Skender came back to his desk, grabbed up the radio and found the send button. ‘Cano?’ he shouted into it. ‘Cano?’
His guards came rushing down the corridor from the elevator and emergency stairwell looking as confused as their boss.
‘What happened?’ Skender shouted.
‘Don’t know, boss,’ one of them said.
‘I thought the friggin’ building was gonna fall down,’ said another.
‘One of you go down and find out what happened!’ Skender shouted. ‘And get Cano up here!’
As the man ran off, Skender paused to think. It was obvious that the building had been struck by something and there had no doubt been some damage. But it had held, he himself was in one piece and that was the most important thing. He then considered the possibility that it might be a diversion of some kind. He went over to a cupboard built into a wall and pulled out one of a selection of semi-automatic shotguns, his preferred close-quarter weapon. But after calming himself and taking stock he felt certain that the planned attack was over. Though it had been violen
t and possibly destructive, he had survived it.
‘What are you standing there for?!’ he shouted at his remaining guards. ‘Cover the stairs and the elevators.’
The men hurried back to their posts. Skender checked that the gun was loaded, then took a box of spare cartridges from a drawer and placed it on the desk.
‘Cano?’ Skender shouted into the radio once more. ‘Where is that prick?’ he muttered as he tossed the radio onto the table and went back to the window to look down onto the square. He then remembered a window in the kitchen that opened and hurried down the corridor.
Josh was in the kitchen under a table, a sandwich on the floor in front of him where he had dropped it. Skender hurried in, opened the window and looked below. His jaw went rigid as he took in the sight of the shattered façade of his glorious pyramid. Every window from four floors below on down was gone.
He stepped back in, thought for a moment and then looked down at Josh who was gaping up at him, wide-eyed and confused. ‘Come with me, kid,’ Skender said as he took hold of Josh’s hand, pulled him to his feet and urged him out of the room. The camel dropped from Josh’s pocket in the corridor and as the boy tried to retrieve it Skender yanked him on into the conference room, pulling him forward and over to the far wall.

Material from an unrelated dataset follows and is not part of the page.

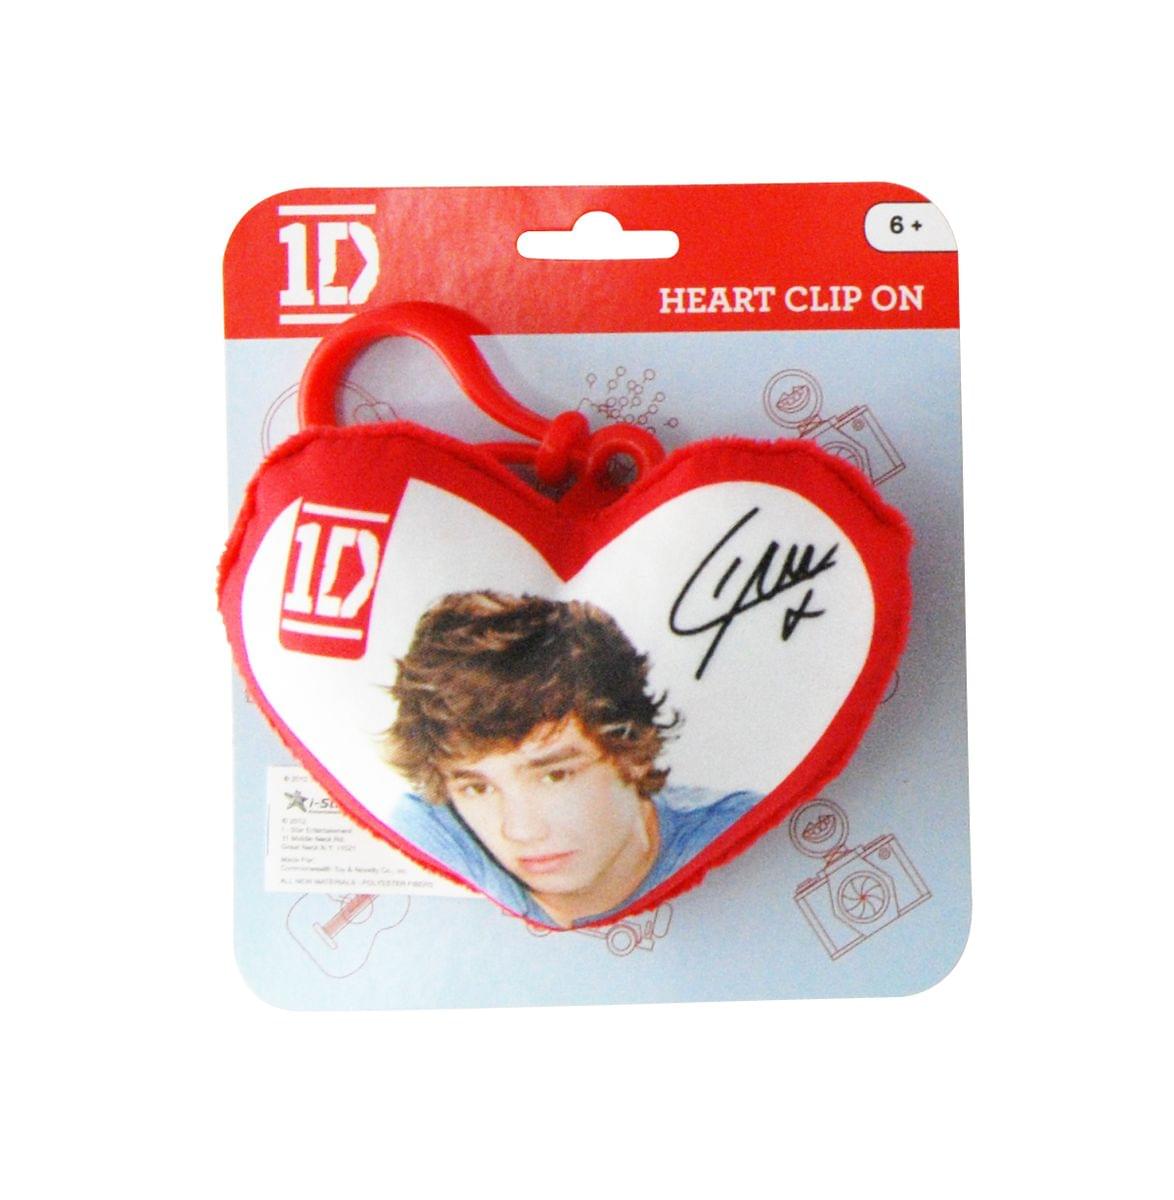 1D One Direction Plush Heart Clip-On: Liam

‘Sit down and don’t move,’ Skender growled, any pleasantness gone from his tone. Josh obeyed, looking at the shotgun in Skender’s hand and wondering what was happening.
38
Stratton stepped away from the protection of the statue, his feet crunching on the glass as he walked towards the ornate front doors that were now dotted with small, splinter-covered holes. He paused to look down on Cano’s disfigured, lifeless body. It was covered in shards of glass, blood oozing from countless holes.